● WORK TO BE COMPLETED
The lines below, from the one holding "Dangerous woman fighter" through the one holding "Armored Scale Insecticide", are to be restated word for word, with all images left out.

● SUPPLIED MATERIAL
%%

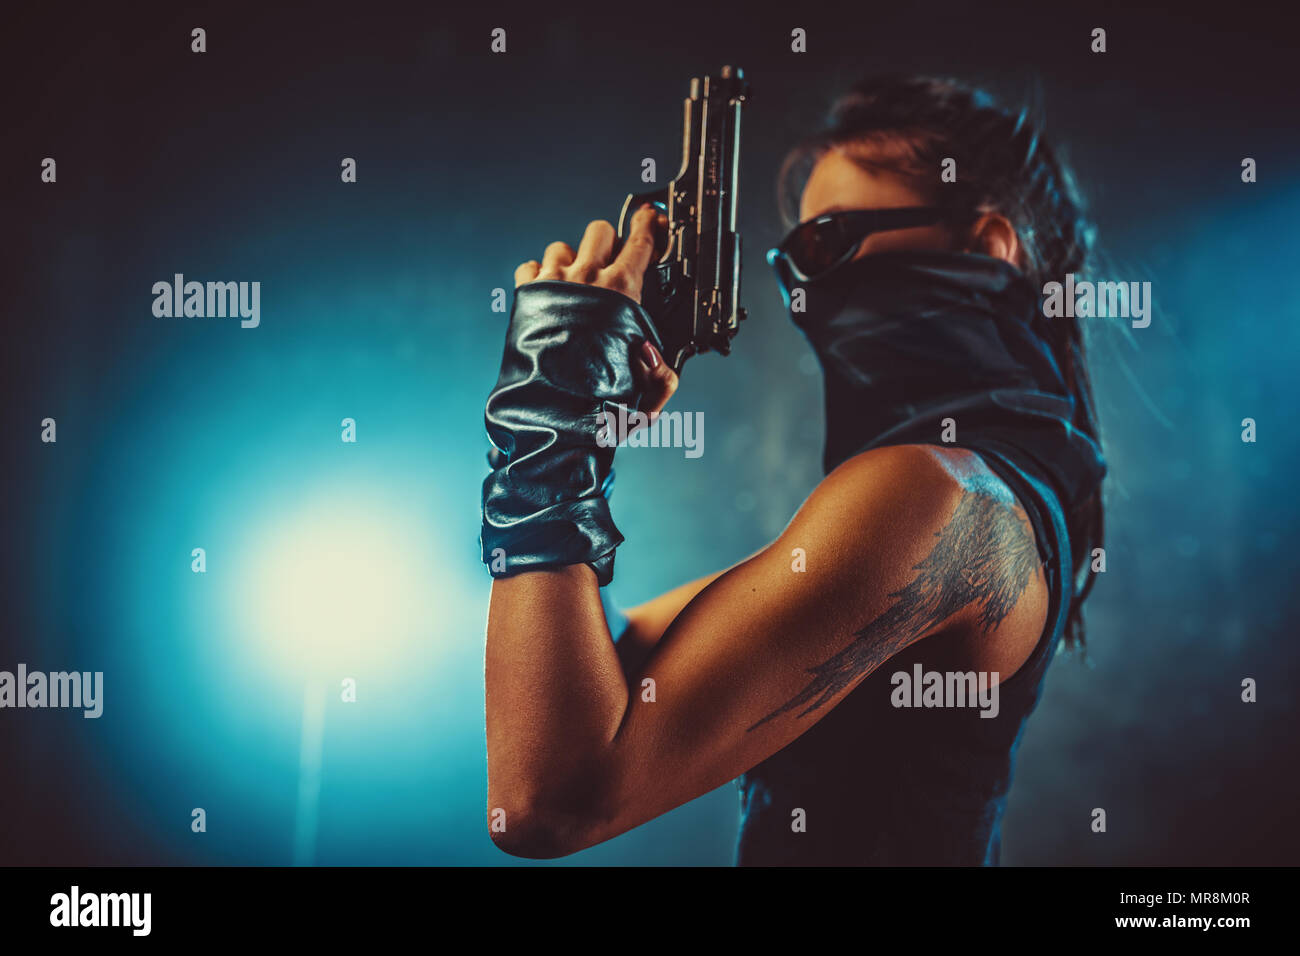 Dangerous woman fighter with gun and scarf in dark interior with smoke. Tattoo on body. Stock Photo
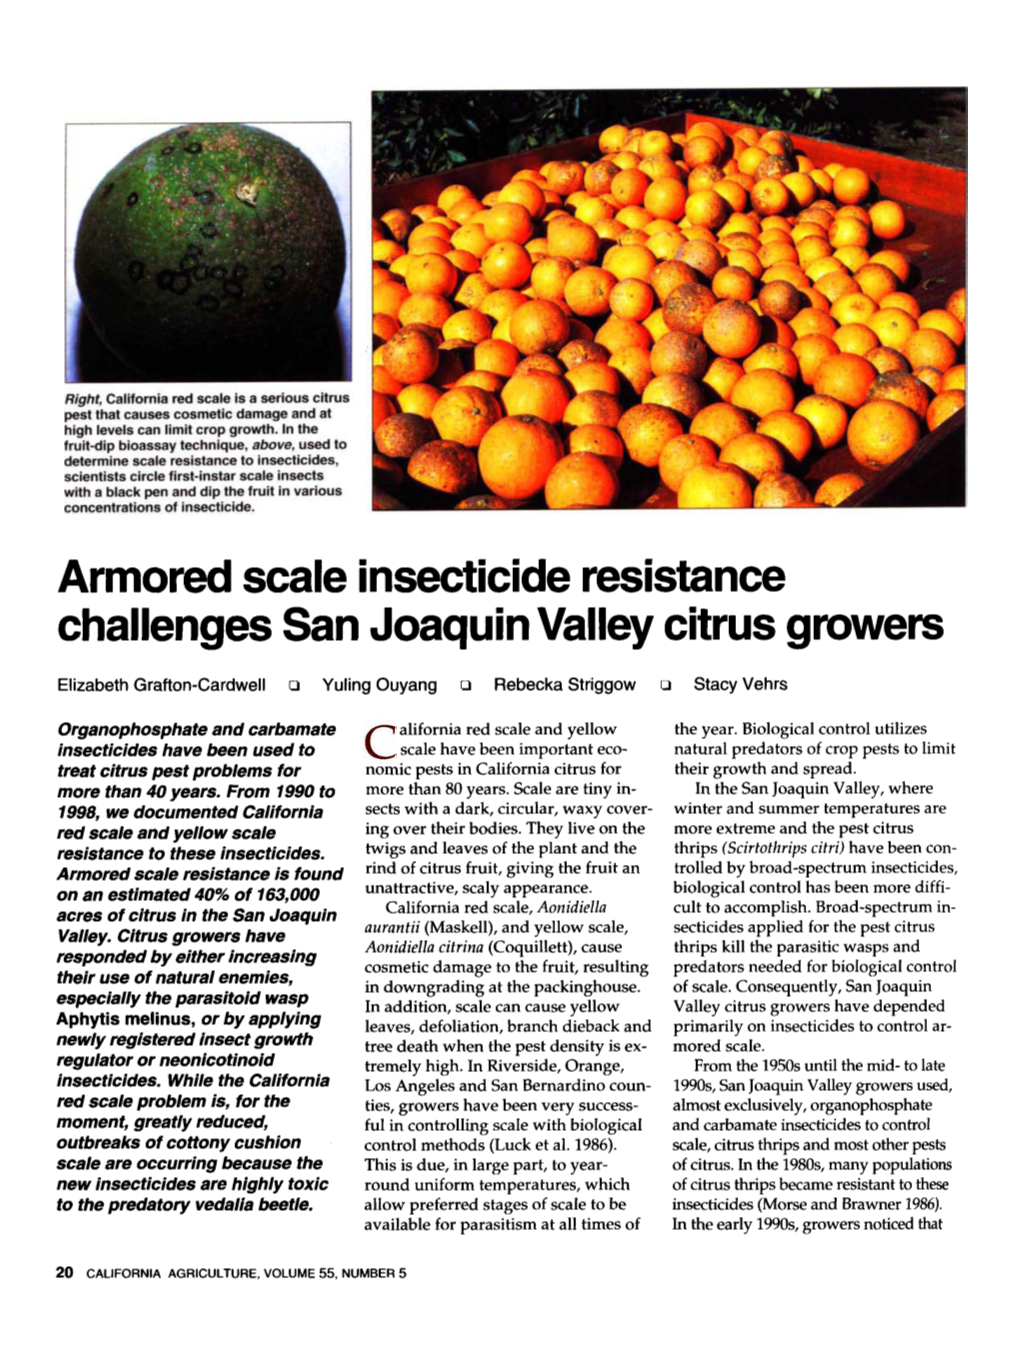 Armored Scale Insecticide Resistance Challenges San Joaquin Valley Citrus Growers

%%
%%

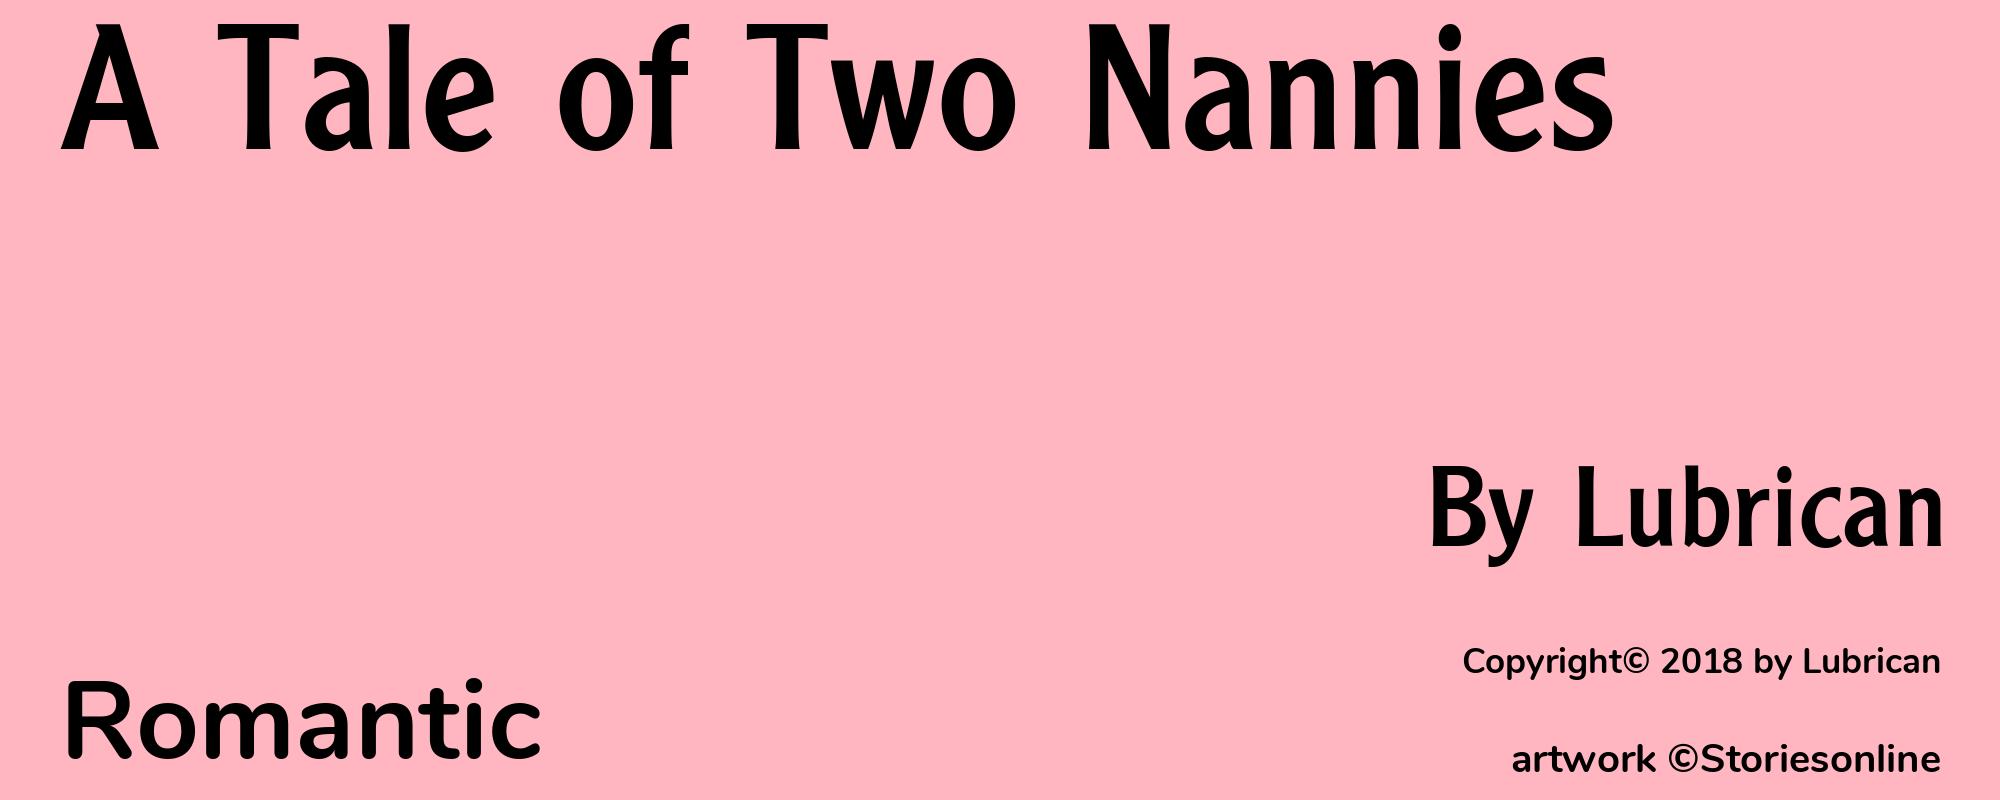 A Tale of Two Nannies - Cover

%%
%%

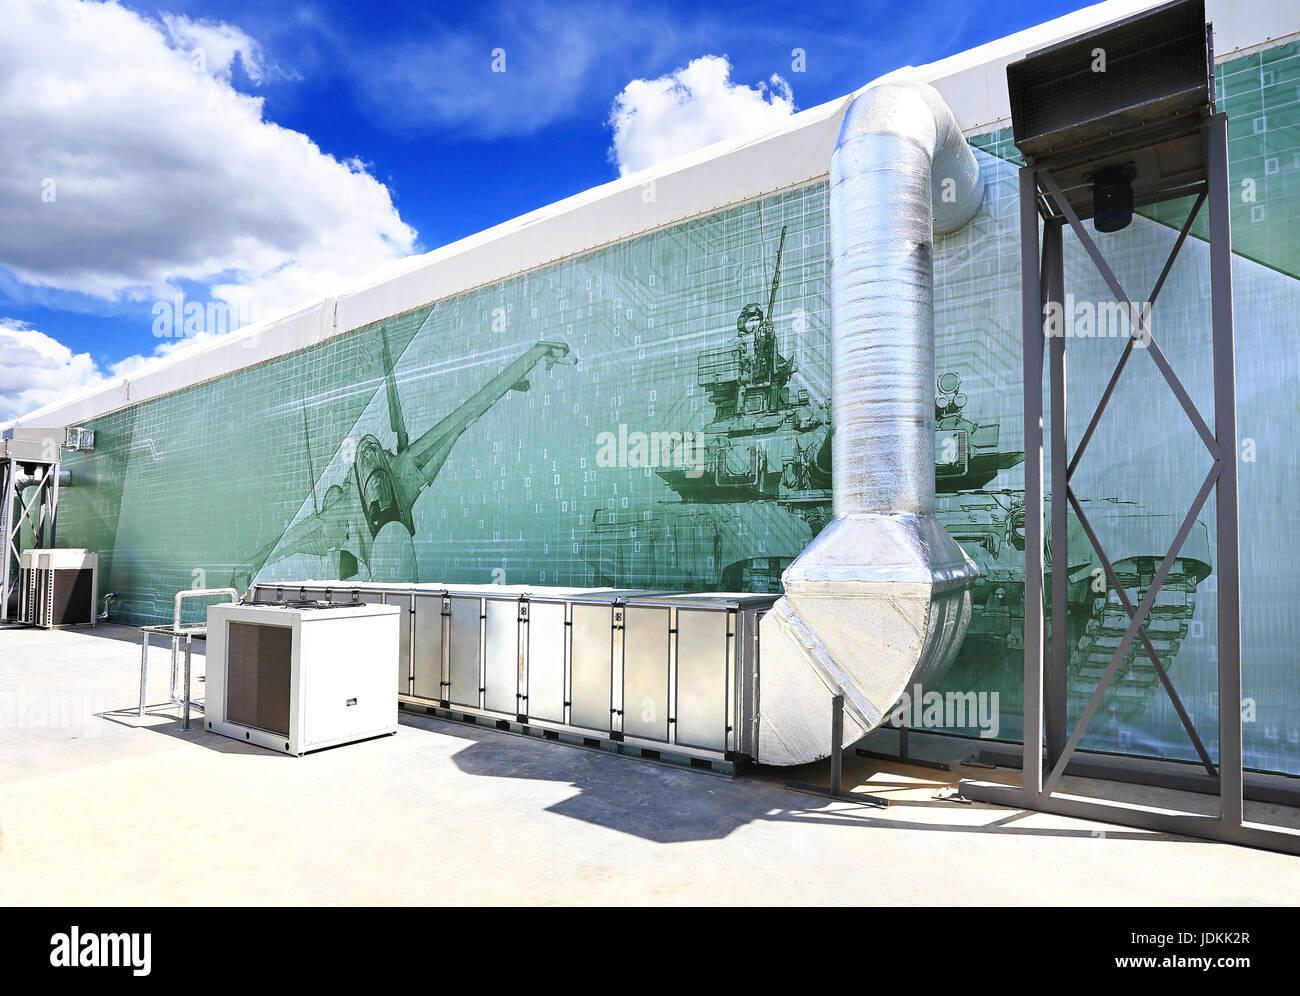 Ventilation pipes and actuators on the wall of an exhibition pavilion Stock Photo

%%

● RESULT
 Dangerous woman fighter with gun and scarf in dark interior with smoke. Tattoo on body. Stock Photo
 Armored Scale Insecticide Resistance Challenges San Joaquin Valley Citrus Growers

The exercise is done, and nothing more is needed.